将 AWS Dynamodb 备份到 S3

[英]Backup AWS Dynamodb to S3

It has been suggested on Amazon docs http://aws.amazon.com/dynamodb/ among other places, that you can backup your dynamodb tables using Elastic Map Reduce,Amazon 文档http://aws.amazon.com/dynamodb/以及其他地方建议您可以使用 Elastic Map Reduce 备份您的 dynamodb 表,
I have a general understanding of how this could work but I couldn't find any guides or tutorials on this,我对它的工作原理有一个大致的了解,但是我找不到任何关于它的指南或教程,

So my question is how can I automate dynamodb backups (using EMR)?所以我的问题是如何自动化 dynamodb 备份(使用 EMR)?

So far, I think I need to create a "streaming" job with a map function that reads the data from dynamodb and a reduce that writes it to S3 and I believe these could be written in Python (or java or a few other languages).到目前为止,我认为我需要创建一个“流式”作业,其中包含一个从 dynamodb 读取数据的 map 函数和一个将数据写入 S3 的 reduce,我相信这些可以用 Python(或 java 或其他一些语言)编写.

Any comments, clarifications, code samples, corrections are appreciated.任何评论、澄清、代码示例、更正都将受到赞赏。

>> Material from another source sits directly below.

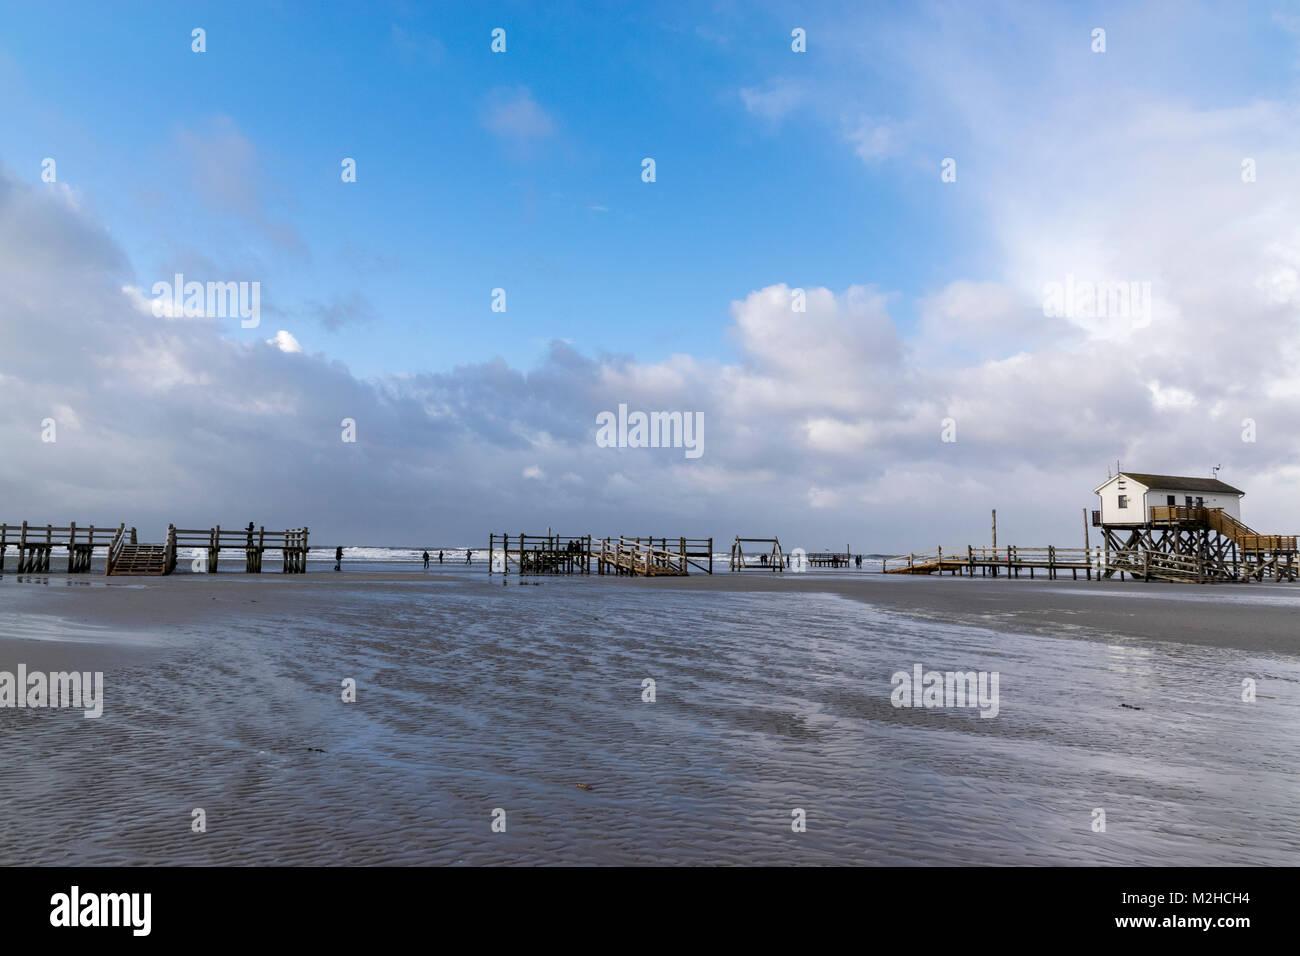 Sankt Peter-Ording, Ordinger Strand bei Hochwasser mit Überfltungen. Die Pfahlbauten stehen zum Teil im Wasser - Stock Image

With introduction of AWS Data Pipeline, with a ready made template for dynamodb to S3 backup, the easiest way is to schedule a back up in the Data Pipeline [link] ,随着 AWS Data Pipeline 的引入,使用现成的 dynamodb 到 S3 备份模板,最简单的方法是在 Data Pipeline [链接]中安排备份,

In case you have special needs (data transformation, very fine grain control...) consider the answer by @greg如果您有特殊需求(数据转换、非常精细的粒度控制...),请考虑@greg 的回答

There are some good guides for working with MapReduce and DynamoDB.有一些关于使用 MapReduce 和 DynamoDB 的很好的指南。 I followed this one the other day and got data exporting to S3 going reasonably painlessly.前几天我关注了这个,并且相当轻松地将数据导出到 S3。 I think your best bet would be to create a hive script that performs the backup task, save it in an S3 bucket, then use the AWS API for your language to pragmatically spin up a new EMR job flow, complete the backup.我认为您最好的选择是创建一个执行备份任务的配置单元脚本,将其保存在 S3 存储桶中,然后使用适用于您的语言的 AWS API 实用地启动新的 EMR 作业流程,完成备份。 You could set this as a cron job.您可以将其设置为 cron 作业。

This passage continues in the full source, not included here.